Dojechaliśmy do jakiejś warszawskiej stacji paliw, każdy się na swój sposób odświeżył i wypił kolejną pyszną kawę. W umówionym miejscu na rondzie Tybetu byliśmy 1,5 h przed sztafetą. Trzeba było czekać. W końcu gdy ostatnia grupa dotarła, zrobiliśmy sobie wspólną fotkę, tzn. zrobił ją jakiś wolontariusz WOŚPu, który ewidentnie był zaskoczony i wzruszony tym, że nas spotkał. Ruszyliśmy do studia TVN – wspólnie 3 grupy i starosta gnieźnieński, który dołączył do nas w Warszawie. W studio byliśmy ok. 22.00 czyli planowo – jak w szwajcarskim zegarku.

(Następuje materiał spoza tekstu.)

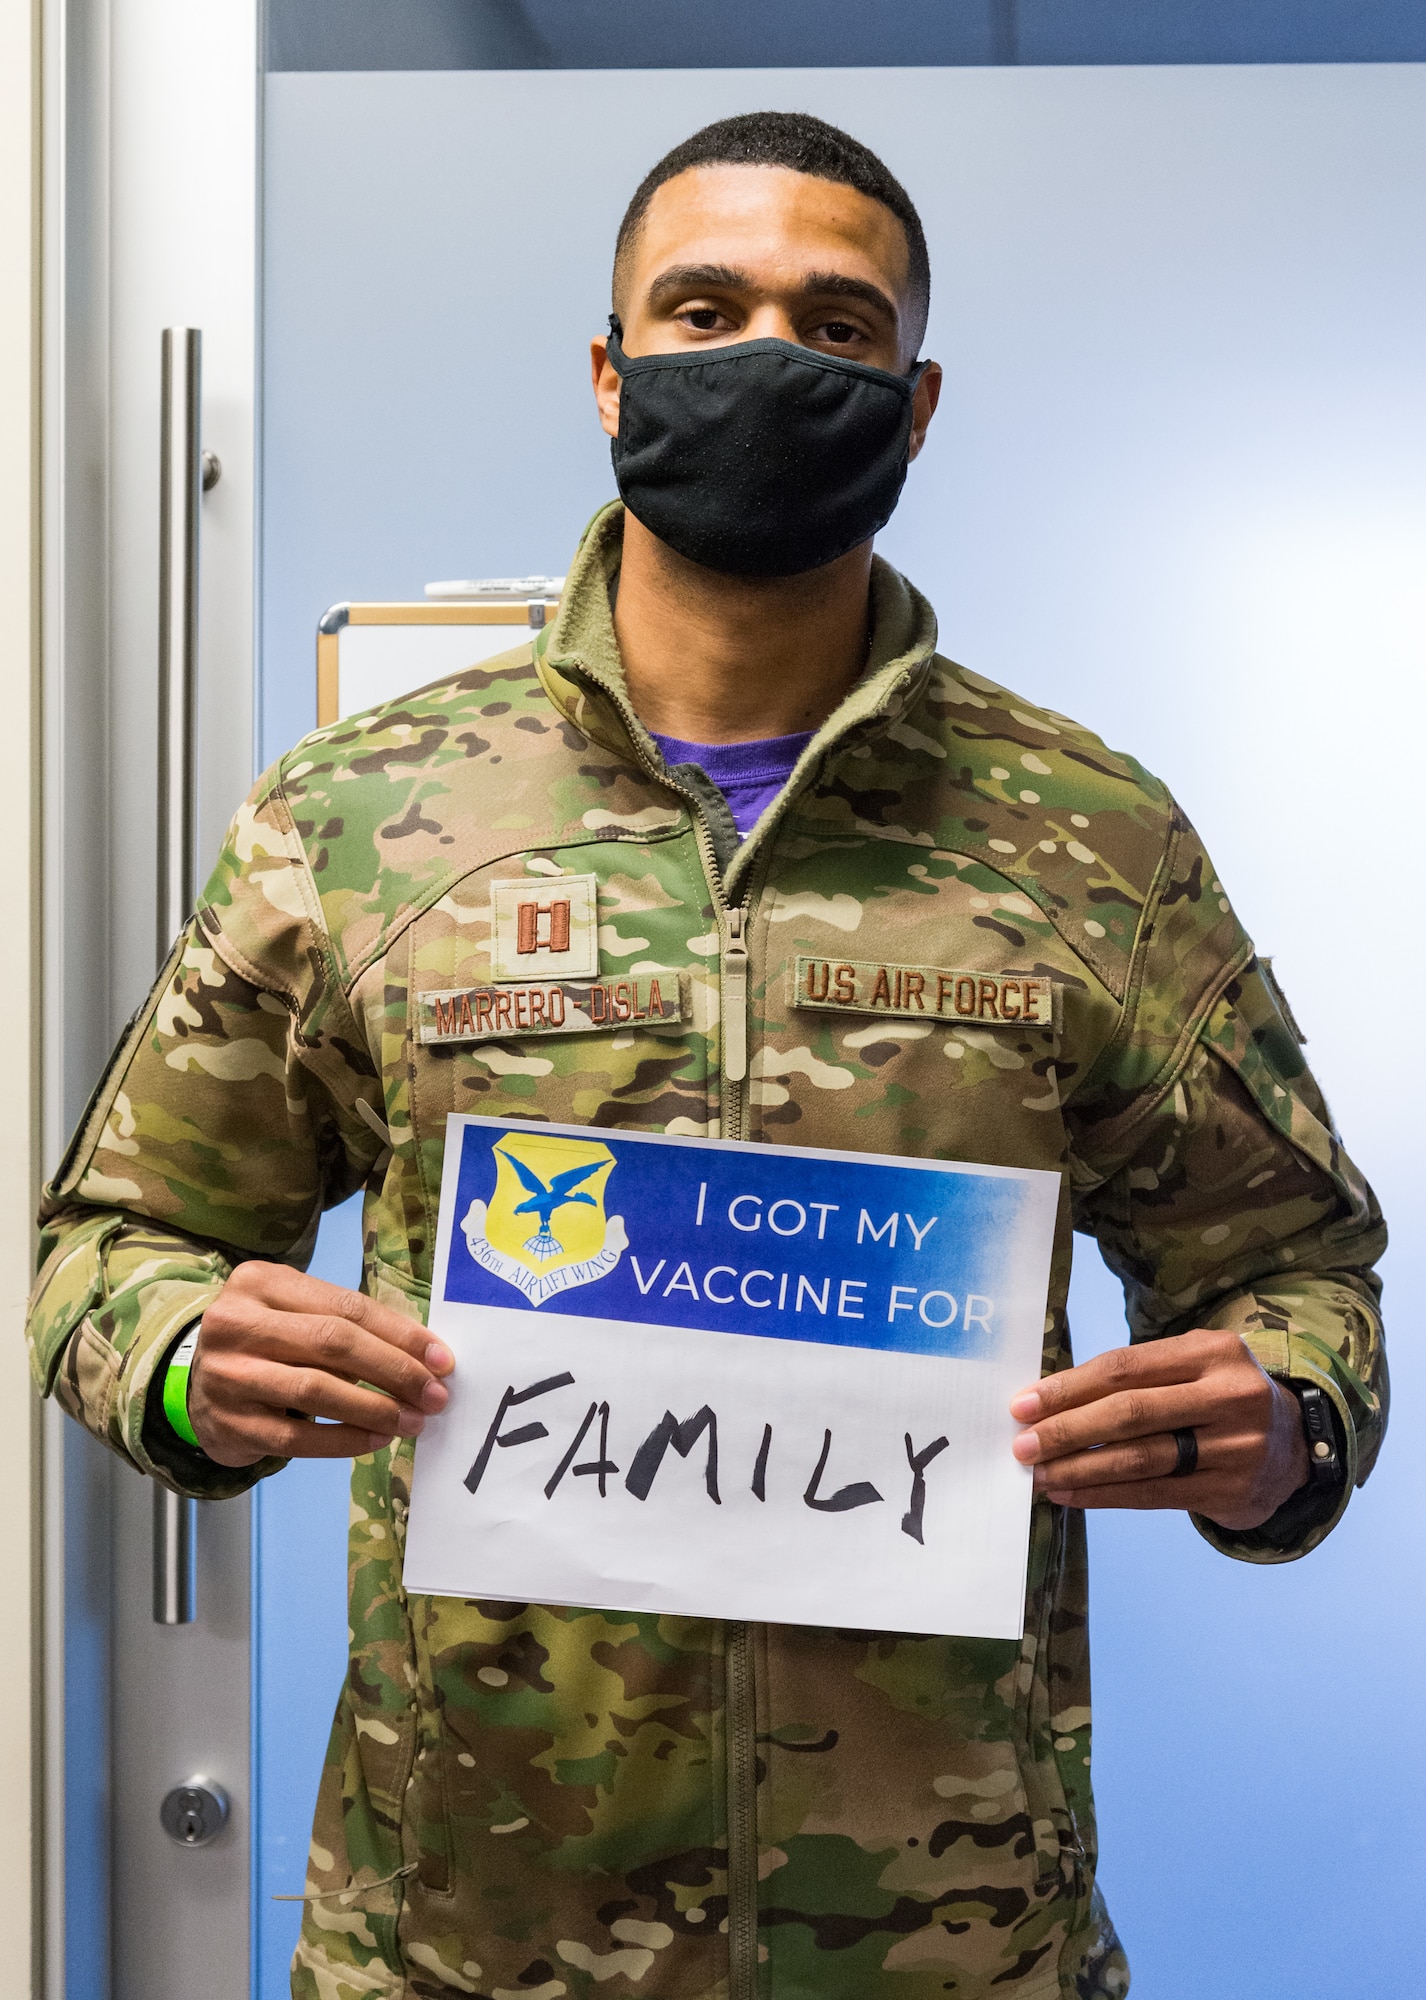 Capt. Marcos Marrero-Disla, 3rd Airlift Squadron C-17 Globemaster III pilot scheduler, displays a sign stating why he volunteered for the COVID-19 vaccine Jan. 22, 2021, at Dover Air Force Base, Delaware. Marrero-Disla was among the first Team Dover front-line workers who voluntarily received the vaccine in accordance with Department of Defense guidance. The vaccine was granted emergency use authorization by the U.S. Food and Drug Administration for use in prevention of COVID-19. (U.S. Air Force photo by Roland Balik)

W środku było gorąco, nie tylko przez ogrzewanie, ale i panującą tam atmosferę. Udzielało się wszystkim. Samo studio, szybkość prowadzenia programu i jego otoczka zrobiły na nas ogromne wrażenie. Cieszyliśmy się jak dzieciaki, że możemy w tym uczestniczyć, być w sercu tego WOŚPowego serduszka. W naszej biegowej zrzutce było ponad 10 tysięcy złotych. Weszliśmy na antenę o 23.17, czyli o tej godzinie, o której mieliśmy wejść. Szok. Żeby każdy był tak punktualny, jak Jurek Owsiak. Skakaliśmy, krzyczeliśmy i cieszyliśmy się z tego, że tam jesteśmy tak głośno, że nikt nie usłyszał, jak Heniu mówiąc o kwocie zebranej przez Gniezno jorgnął się o jedno zero. I nie to po przecinku. Audycja to była chwila, ale nikt z nas jej nie zapomni. Pożegnaliśmy się, wyszliśmy ze studia i zamówiliśmy ubera, żeby dojechać do ronda Tybetu. No nie… Oczywiście, że nie. Pobiegliśmy. Z ronda Tybetu ruszyliśmy busem po północy. Po drodze był pitstop w MacDonalds. Nikt nie miał odwagi zamówić żarcia, w końcu sami sportowcy, ale jak jeden wziął zestaw, to okazało się, że wszyscy głodni. W domu byliśmy szybko, bo Krzysztof sprawnie nas dowiózł.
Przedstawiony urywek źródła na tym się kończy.